Data block.

Start of Block

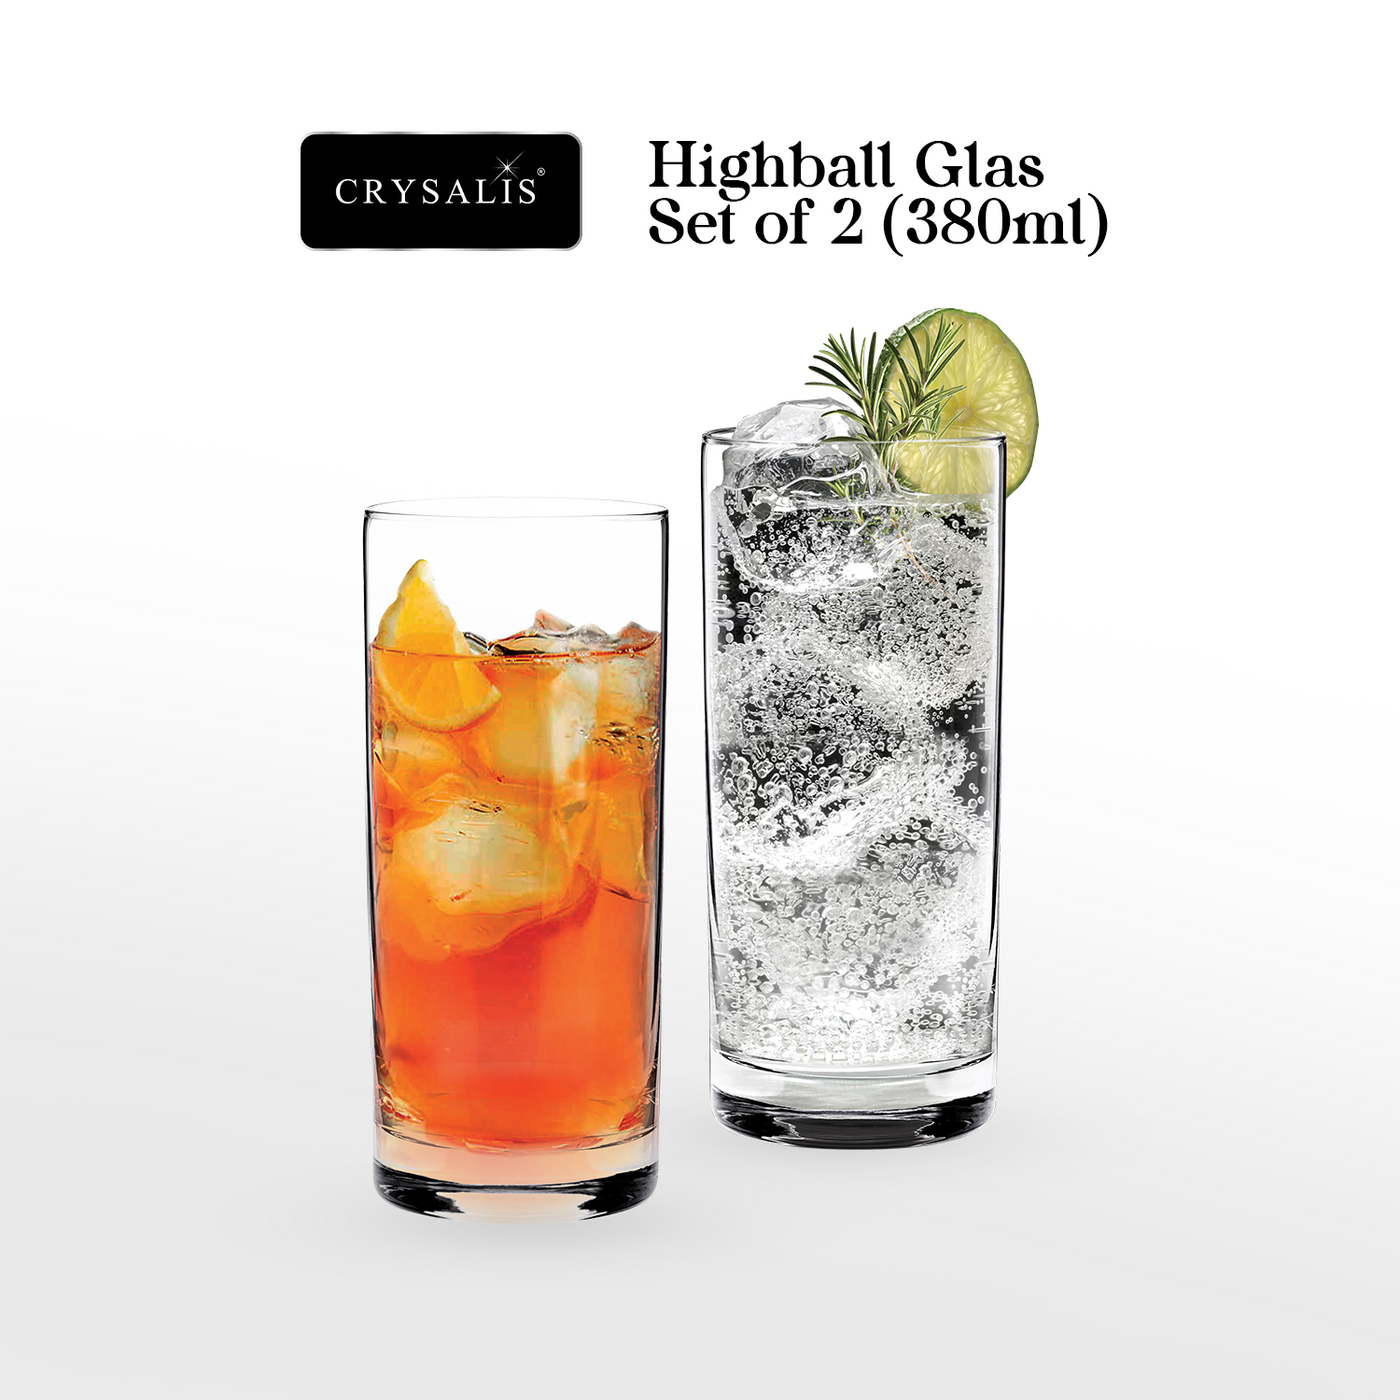 CRYSALIS Highball Glass Set of 2
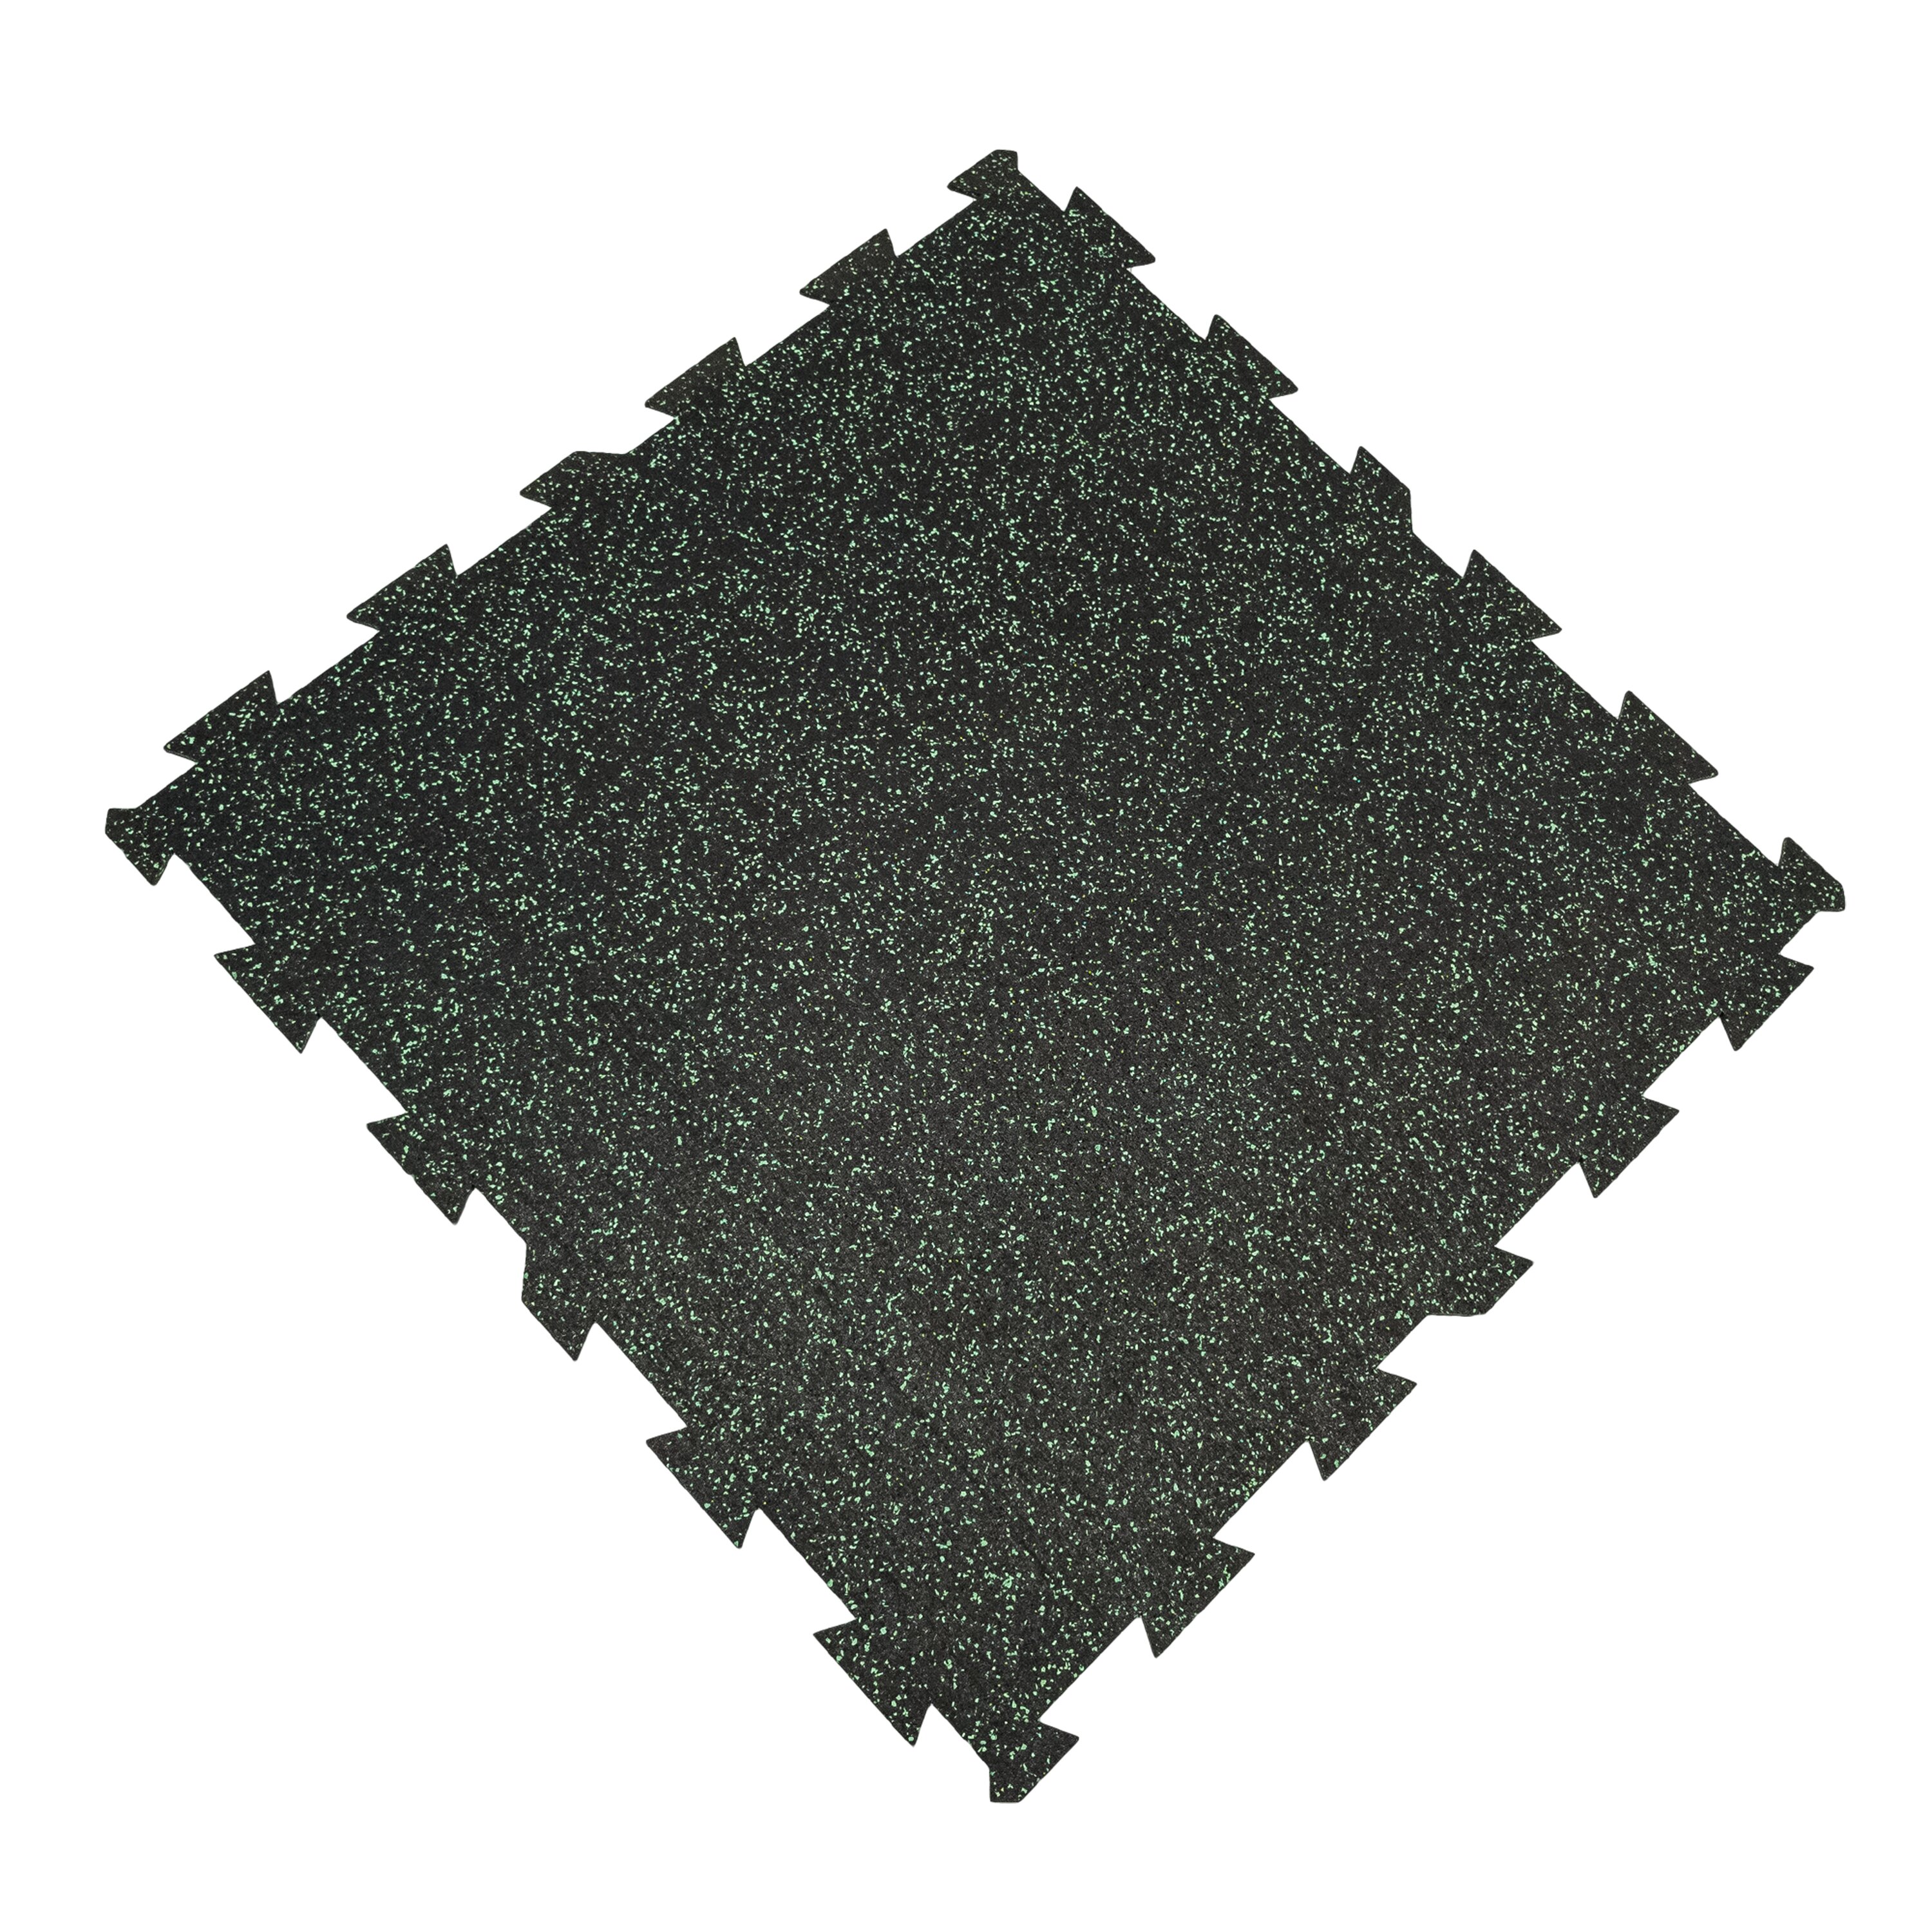 Černo-zelená podlahová guma FLOMA FitFlo SF1050 - délka 100 cm, šířka 100 cm, výška 0,8 cm
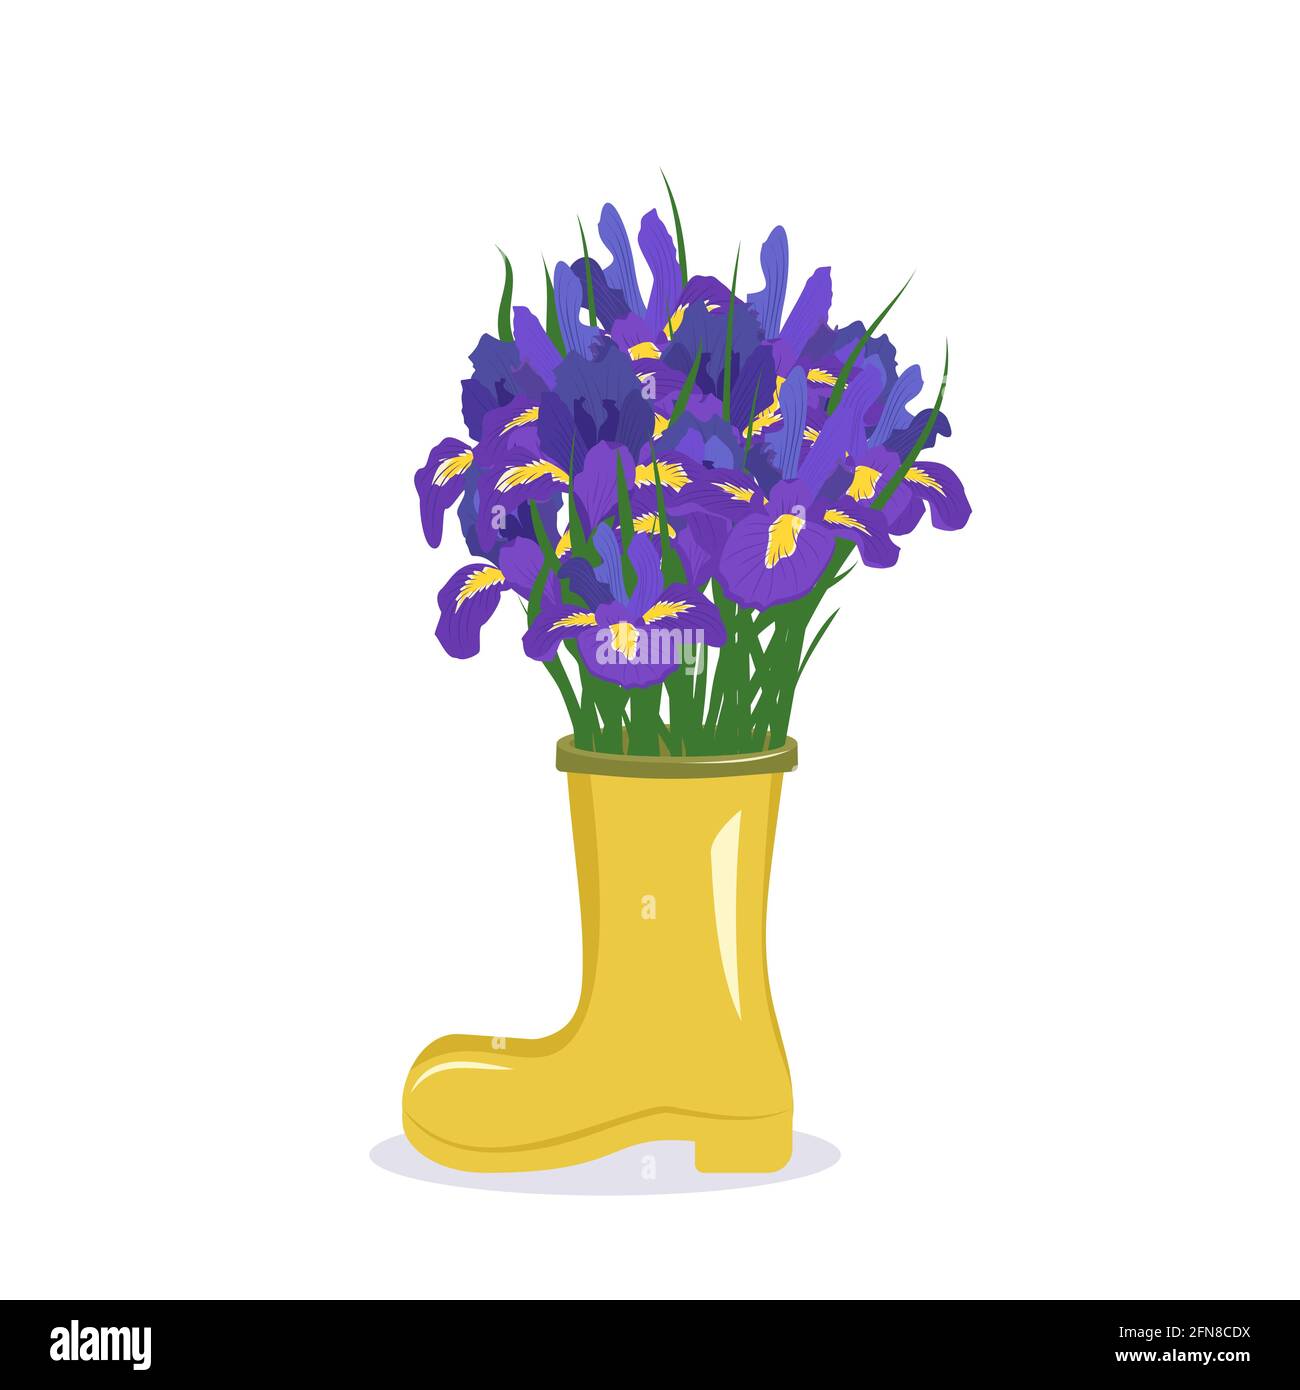 Flores moradas de primavera y verano en un jarrón. Un ramo de lirios en una bota amarilla como regalo. Diseño de interiores. Tienda de plantas Ilustración del Vector
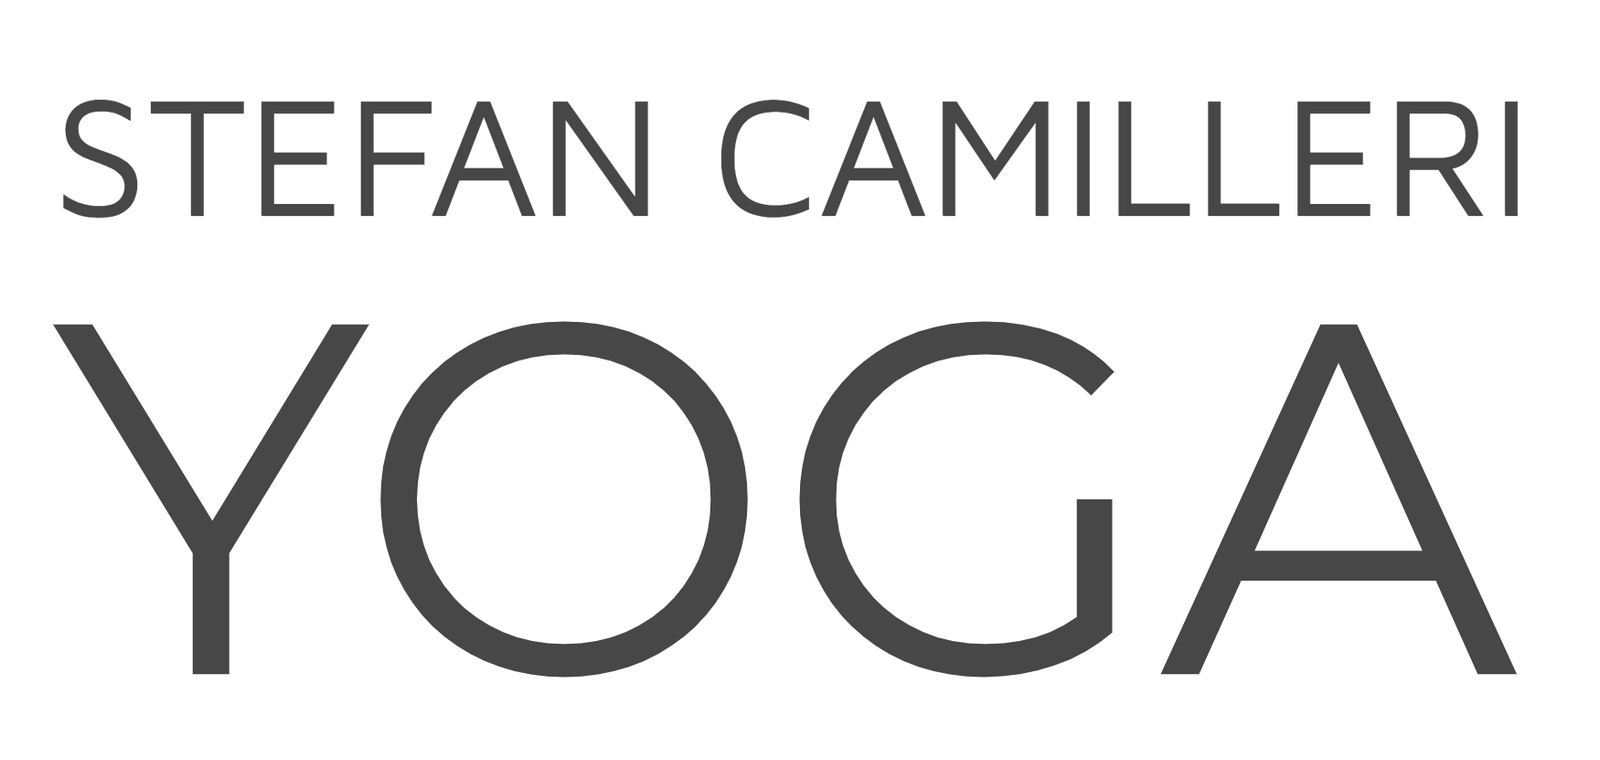 Stefan Camilleri Yoga

End of Block

Work order. Every word of the material, and none of its pictures, should be set down again.

Solution below.
 CRYSALIS Highball Glass Set of 2
 Černo-zelená podlahová guma FLOMA FitFlo SF1050 - délka 100 cm, šířka 100 cm, výška 0,8 cm
 Flores moradas de primavera y verano en un jarrón. Un ramo de lirios en una bota amarilla como regalo. Diseño de interiores. Tienda de plantas Ilustración del Vector
 Stefan Camilleri Yoga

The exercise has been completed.